Ma, comunque sia, il magistero politico, culturale e istituzionale di David non passerà invano. Per noi cattolici democratici e popolari innanzitutto. Ma, oserei dire, per tutti i veri democratici del nostro Paese. Ciao David, amico mio.
Mi sono soffermato su questi due aspetti perché David per me era innanzitutto un amico. Un grande amico. Un’amicizia nata in tempi lontani nel campo cattolico democratico e popolare. Il papà, mi disse una volta, scriveva per le riviste di Donat-Cattin – “Settegiorni” prima, negli anni ‘70 e “Terza Fase” poi, negli anni ‘80 – e lui, David, come molti di noi sanno, era già uno dei giovani leader di quel mondo culturale e politico. E quando si perde un caro amico si perde anche un pezzo della propria vita.
In secondo luogo David era un leader. Ma un leader sobrio, garbato, educato e per bene. Non era aggressivo. Caratterialmente. Non comandava ma convinceva. Con il dialogo, con il confronto, con sua personale persuasione, con la cultura e soprattutto con lo stile. Era una leadership che mal si conciliava con la personalizzazione della politica o con la sola spettacolarizzazione politica. Amava riflettere e, nello specifico, amava imparare dal confronto con gli altri. Con le altre culture. Con gli interlocutori politici avversari e amici. E il tributo di riconoscenza che ha avuto in questi giorni dolorosi non è stato formale ma sostanziale e vero. Autentico. Da parte di amici e avversari. Da parte di tutti quelli che lo hanno conosciuto. Abbiamo perso una grande persona e abbiamo perso un vero leader politico. E culturale. David lascerà un vuoto anche su questo versante. A livello nazionale e a livello europeo.
E, in ultimo, David era un vero cattolico democratico.

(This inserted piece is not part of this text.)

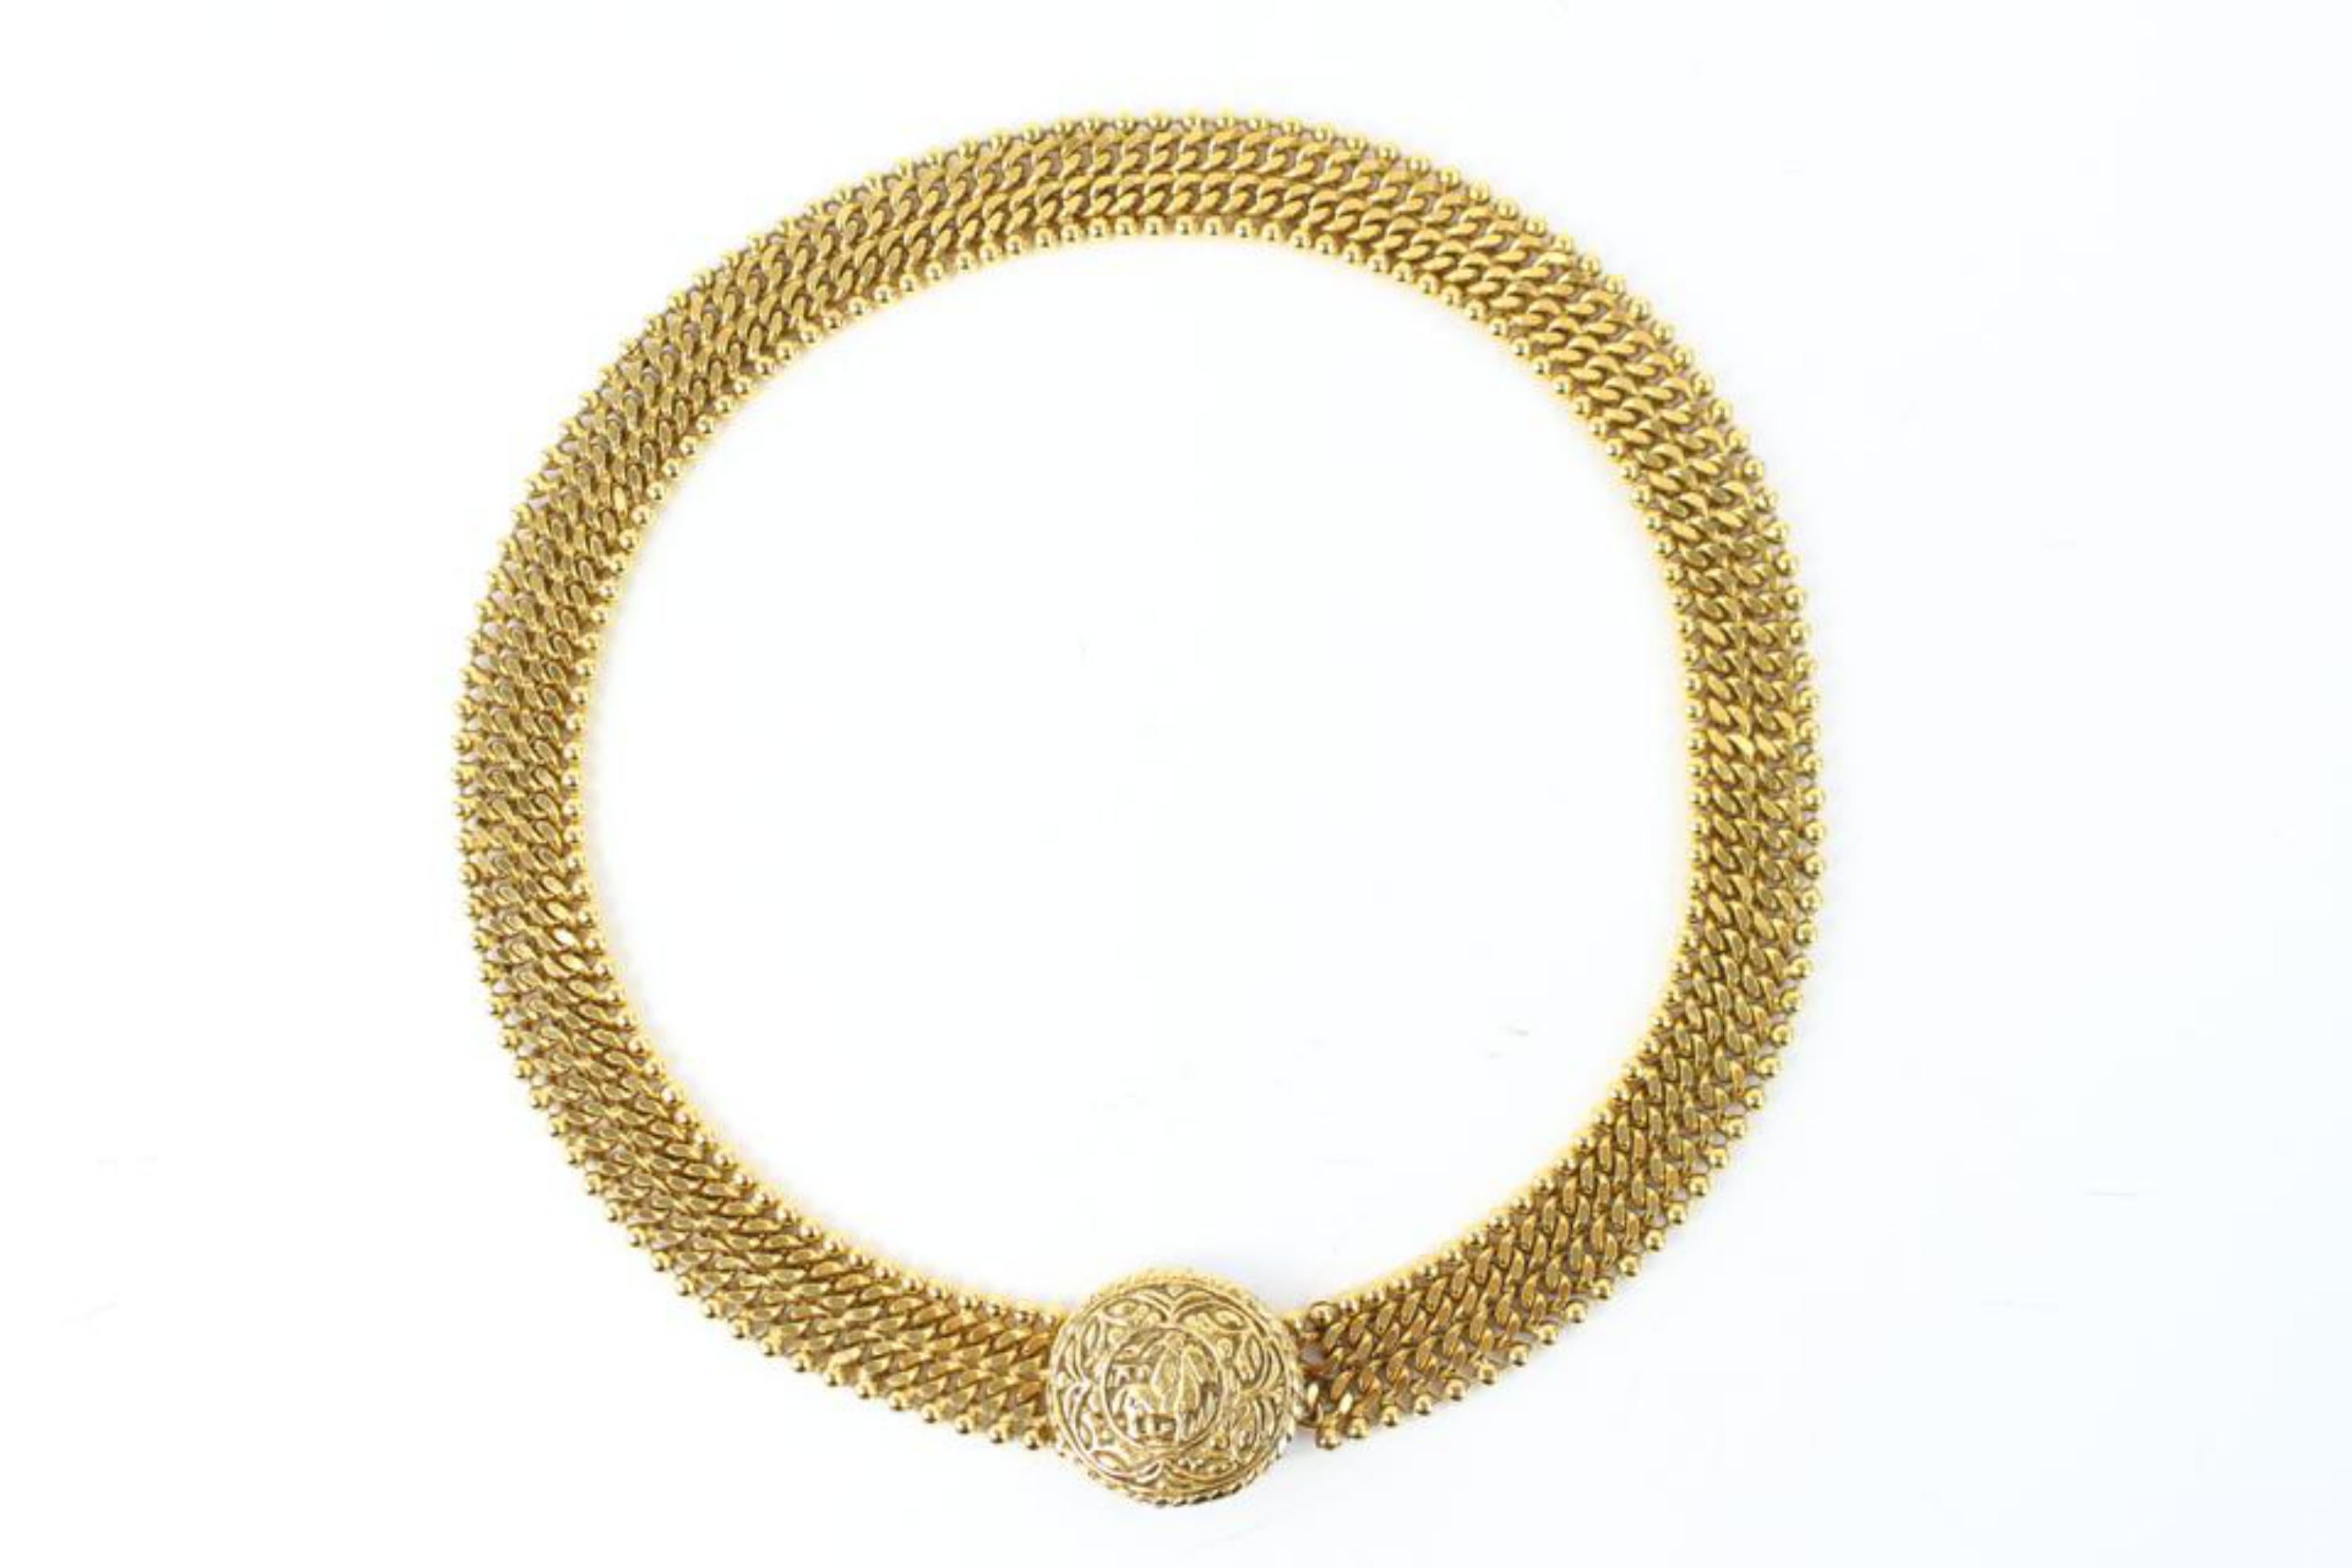 Chanel Gold Chain Or Necklace 2way 18cz0717 Belt In Good Condition For Sale In Forest Hills, NY
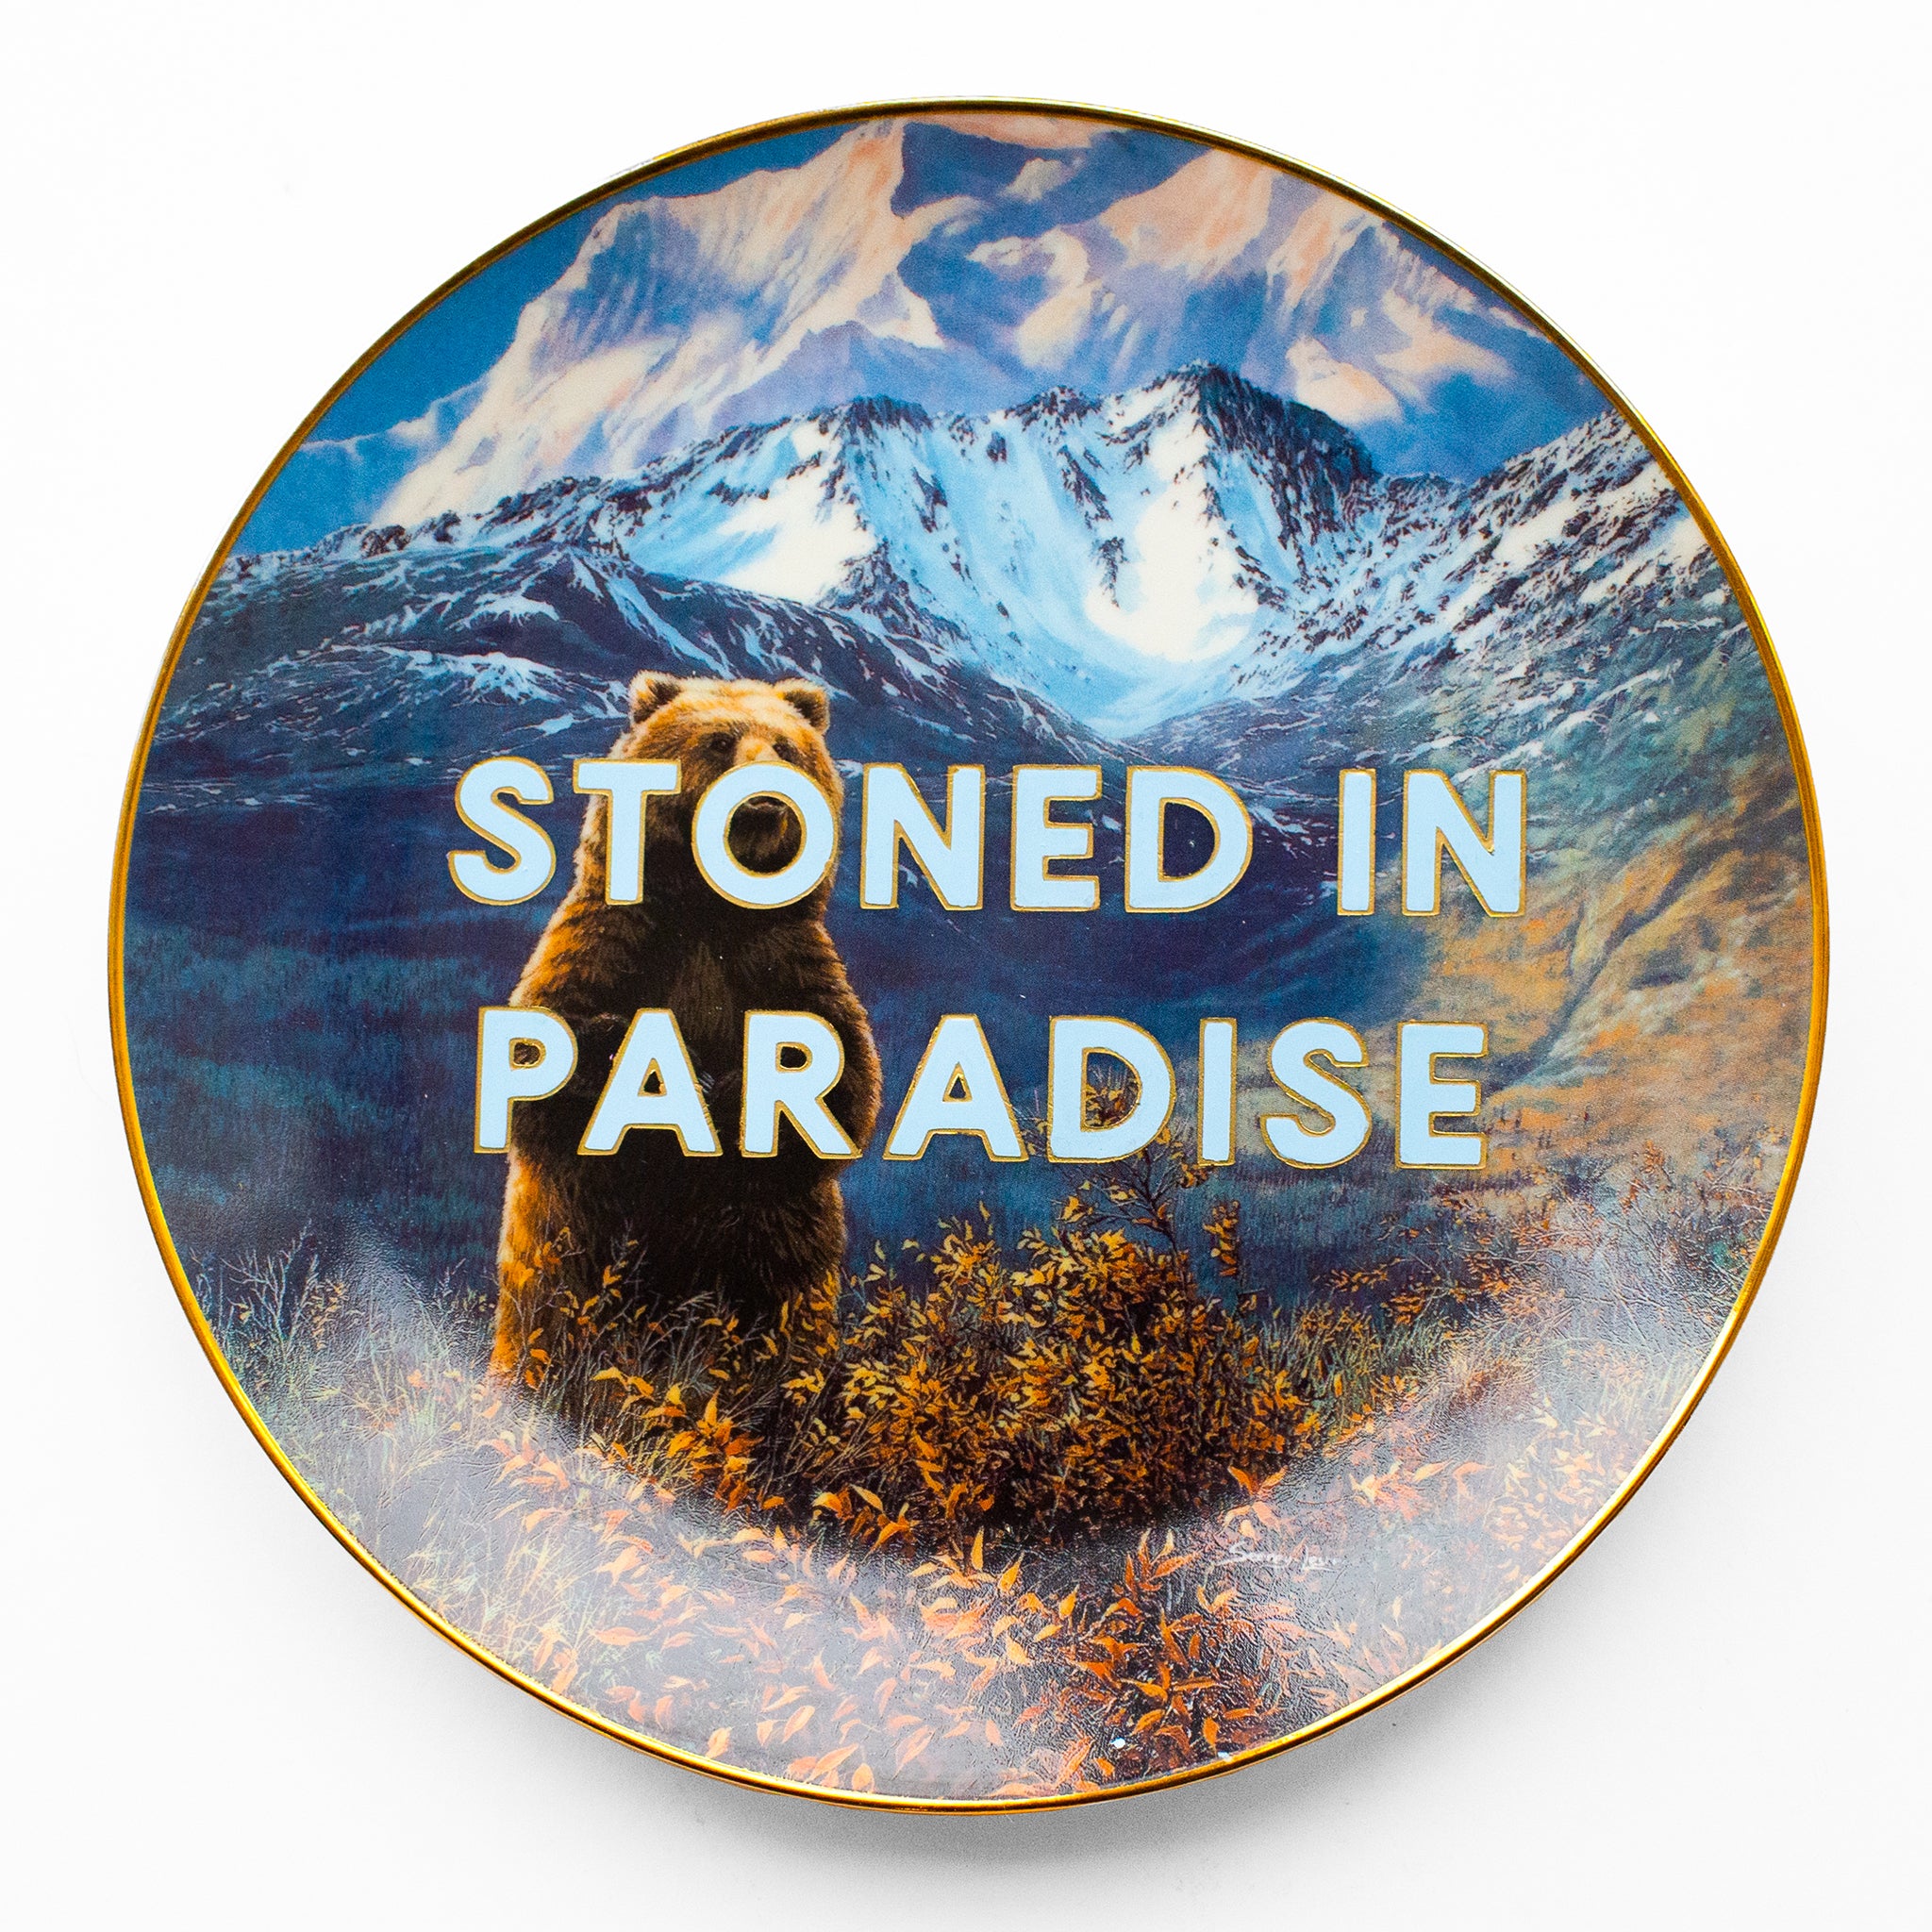 Stoned in Paradise

Lo dice il suo curriculum, lo raccontano le sue esperienze e lo sanno tutti quelli che lo hanno conosciuto. E non solo quelli che lo conoscevano direttamente. David si era formato in quel mondo che non avrebbe mai più abbandonato. E lo ha confermato nella sua esperienza politica nata appena 12 anni fa, nel 2009, quando diventa parlamentare europeo con oltre 400mila preferenze personali. Una valanga di consensi non solo per la sua notorietà televisiva e giornalistica ma anche, e soprattutto, per la sua spiccata personalità e per la sua riconoscibilità politica e culturale. Un’area culturale e politica che nel passato ha avuto grandi leader e straordinarie personalità che hanno segnato in profondità l’evoluzione e il cammino della nostra democrazia e del nostro vivere civile. David, nella società contemporanea, era uno di questi leader. Riconosciuto e riconoscibile. Sincero e leale, anche un po’ schivo, ma leader naturale.
Ma, comunque sia, il magistero politico, culturale e istituzionale di David non passerà invano. Per noi cattolici democratici e popolari innanzitutto. Ma, oserei dire, per tutti i veri democratici del nostro Paese. Ciao David, amico mio.
Bel ricordo. Non serve altro e purtroppo spiace molto.